YOUR TASK.
Look through the data below and extract, unchanged, the lines from the one that contains "Blueand White Sneakers" to the one that contains "Intel's v3959 driver", both included.
--- START ---
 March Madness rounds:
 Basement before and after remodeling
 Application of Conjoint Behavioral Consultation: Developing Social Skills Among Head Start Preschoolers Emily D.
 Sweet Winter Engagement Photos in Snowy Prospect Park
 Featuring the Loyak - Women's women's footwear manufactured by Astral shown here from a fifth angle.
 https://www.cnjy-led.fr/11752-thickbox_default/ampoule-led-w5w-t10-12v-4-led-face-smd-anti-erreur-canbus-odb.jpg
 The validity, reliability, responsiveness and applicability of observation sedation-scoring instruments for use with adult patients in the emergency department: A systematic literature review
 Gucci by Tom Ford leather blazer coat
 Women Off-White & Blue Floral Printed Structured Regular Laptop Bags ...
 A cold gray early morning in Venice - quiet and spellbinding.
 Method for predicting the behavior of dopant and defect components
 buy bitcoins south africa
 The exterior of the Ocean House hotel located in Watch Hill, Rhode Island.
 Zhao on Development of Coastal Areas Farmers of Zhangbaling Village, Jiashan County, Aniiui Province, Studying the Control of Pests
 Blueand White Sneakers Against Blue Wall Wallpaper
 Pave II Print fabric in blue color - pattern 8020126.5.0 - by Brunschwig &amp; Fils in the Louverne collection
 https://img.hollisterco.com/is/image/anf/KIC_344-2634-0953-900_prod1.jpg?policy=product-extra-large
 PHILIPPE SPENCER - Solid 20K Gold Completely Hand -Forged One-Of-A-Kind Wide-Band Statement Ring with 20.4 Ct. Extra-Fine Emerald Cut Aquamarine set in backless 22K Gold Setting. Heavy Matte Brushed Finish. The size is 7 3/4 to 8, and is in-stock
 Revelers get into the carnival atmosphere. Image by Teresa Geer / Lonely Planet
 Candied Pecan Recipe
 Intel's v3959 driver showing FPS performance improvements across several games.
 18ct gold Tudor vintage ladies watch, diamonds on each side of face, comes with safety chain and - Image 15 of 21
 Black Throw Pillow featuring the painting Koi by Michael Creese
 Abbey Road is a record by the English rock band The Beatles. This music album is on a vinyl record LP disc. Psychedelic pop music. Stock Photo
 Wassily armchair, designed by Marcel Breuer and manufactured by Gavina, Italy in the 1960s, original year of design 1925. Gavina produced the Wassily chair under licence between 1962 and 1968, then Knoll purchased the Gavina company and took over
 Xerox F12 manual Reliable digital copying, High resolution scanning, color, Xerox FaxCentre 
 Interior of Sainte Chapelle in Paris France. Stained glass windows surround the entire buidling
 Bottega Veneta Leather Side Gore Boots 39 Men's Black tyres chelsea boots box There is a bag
--- END ---
EXERCISE ANSWER.
 Blueand White Sneakers Against Blue Wall Wallpaper
 Pave II Print fabric in blue color - pattern 8020126.5.0 - by Brunschwig &amp; Fils in the Louverne collection
 https://img.hollisterco.com/is/image/anf/KIC_344-2634-0953-900_prod1.jpg?policy=product-extra-large
 PHILIPPE SPENCER - Solid 20K Gold Completely Hand -Forged One-Of-A-Kind Wide-Band Statement Ring with 20.4 Ct. Extra-Fine Emerald Cut Aquamarine set in backless 22K Gold Setting. Heavy Matte Brushed Finish. The size is 7 3/4 to 8, and is in-stock
 Revelers get into the carnival atmosphere. Image by Teresa Geer / Lonely Planet
 Candied Pecan Recipe
 Intel's v3959 driver showing FPS performance improvements across several games.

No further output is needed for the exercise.